We love employees who go above and beyond. Who doesn’t? In fact, every year we look across our client base and acknowledge the individuals who receive the most customer recognition and reward them for being the “Brand Ambassadors” of their companies. Brand Ambassadors talk about their work with passion regardless if they are the partner of an accounting firm or a customer service representative. These individuals are exceptional, and every organization interested in transforming the customer experience needs more of them.

But recently as we were raving to a telecommunications client about the importance of these individuals, we faced another question. Customer feedback for this client was showing customers were recognizing the customer service staff for calling post-installation to check if the technician had met all of their needs. Customers loved the additional touchpoint, and it made them feel taken care of. But the CEO was less than thrilled. “Do I have great people,” he asked, “or just broken processes that they have to work around that makes them great?”

He explained that the reason the service reps were doing this is because so many times the installers didn’t show up or, when they did, they lacked the equipment to do the job. Employees knew this and were calling to check in with the customer to ensure that the problem didn’t escalate. Customers appreciated this, but it placed unnecessary pressure on the customer service team.

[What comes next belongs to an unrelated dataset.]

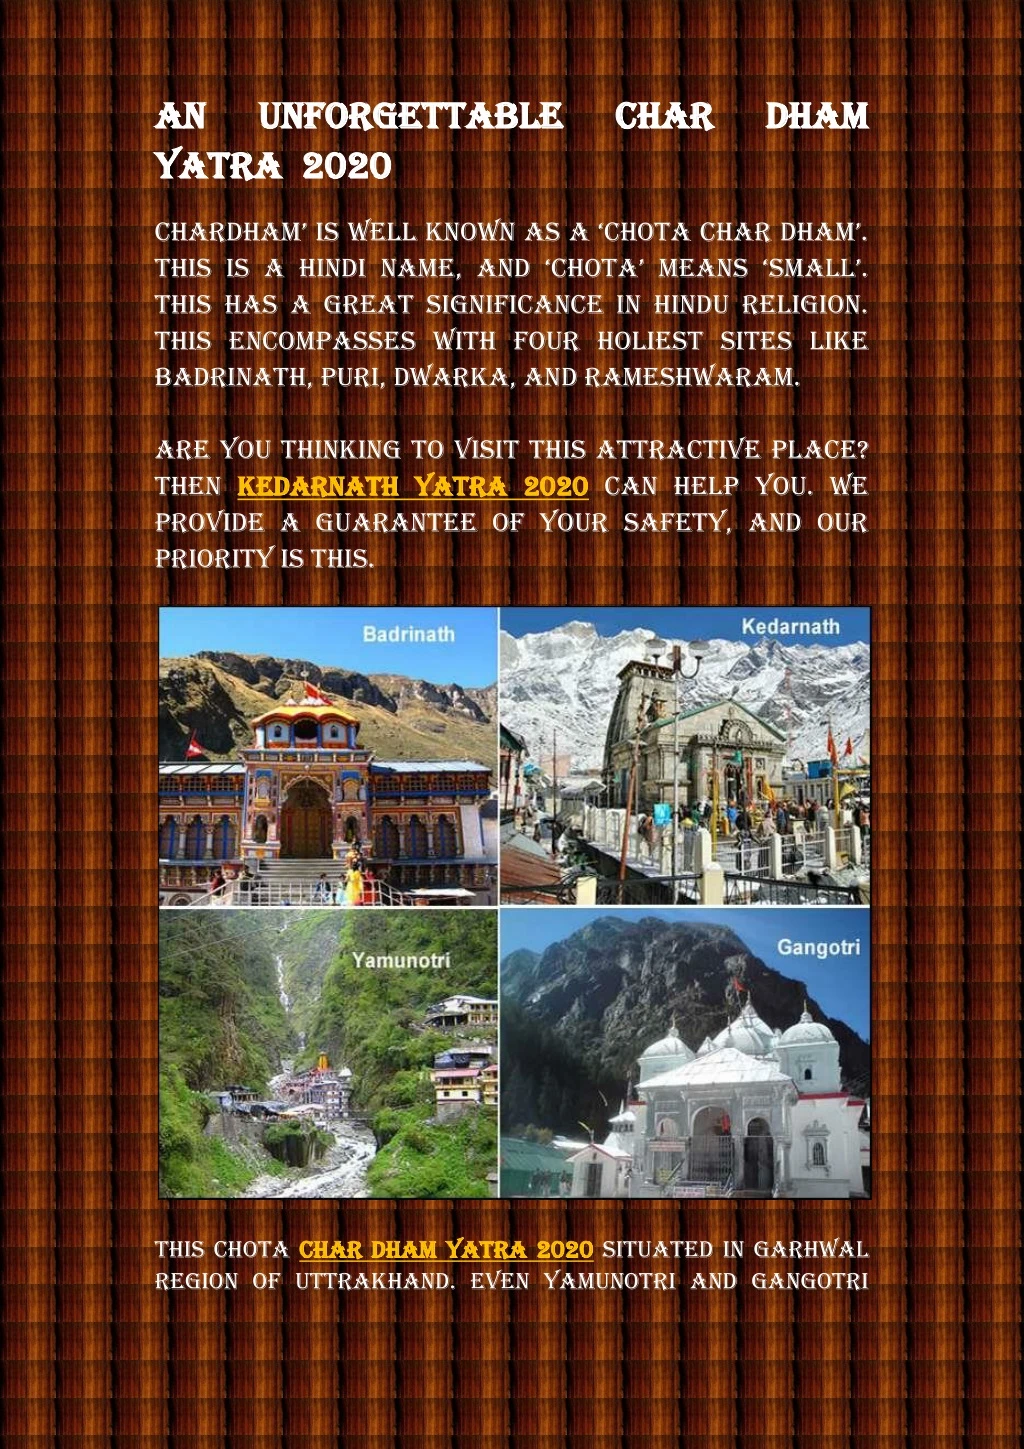 an an yatra yatra 2020 chardham is well known

A May article in CRM Buyer further illustrates this point:

When a garage door failed, trapping two cars, an early morning call brought out a service technician at 7:30am. Because the company kept meticulous records, he came equipped with the proper springs for the door, even though it had been purchased by the previous homeowners. The customer jokingly apologized for the early service call, and the technician answers, “The earlier I start my day, the earlier I get to knock off – so thank you!”

Clearly the bright outlook of the technician colored this experience excellent, but it’s also worth noting that the technician likely felt so positive because he worked for a company that had processes in place allowing him to do great work. This company didn’t need customer service reps to “go above and beyond” because the technicians were empowered to get it right the first time. Indeed, our Brand Ambassadors consistently mention their companies’ outstanding customer service philosophies as being something that inspires them to go above and beyond for customers.

Behavioral theorist Dan Pink says that humans are motivated by three things: autonomy, mastery, and purpose. Broken internal processes prevent employees from being masters in their work, and this is innately demoralizing. Zappos, a company often praised for its incredible service culture, brings this to light perfectly. Zappos founded an exceptional self-service technology with the understanding that this would free their people to be customer service masters. The right processes free their employees to create the “wow!” moments that has made Zappos famous.

Technology, processes, and protocols cannot change people. They can, however, send a powerful message to employees that you are behind them 100% in becoming customer experience masters.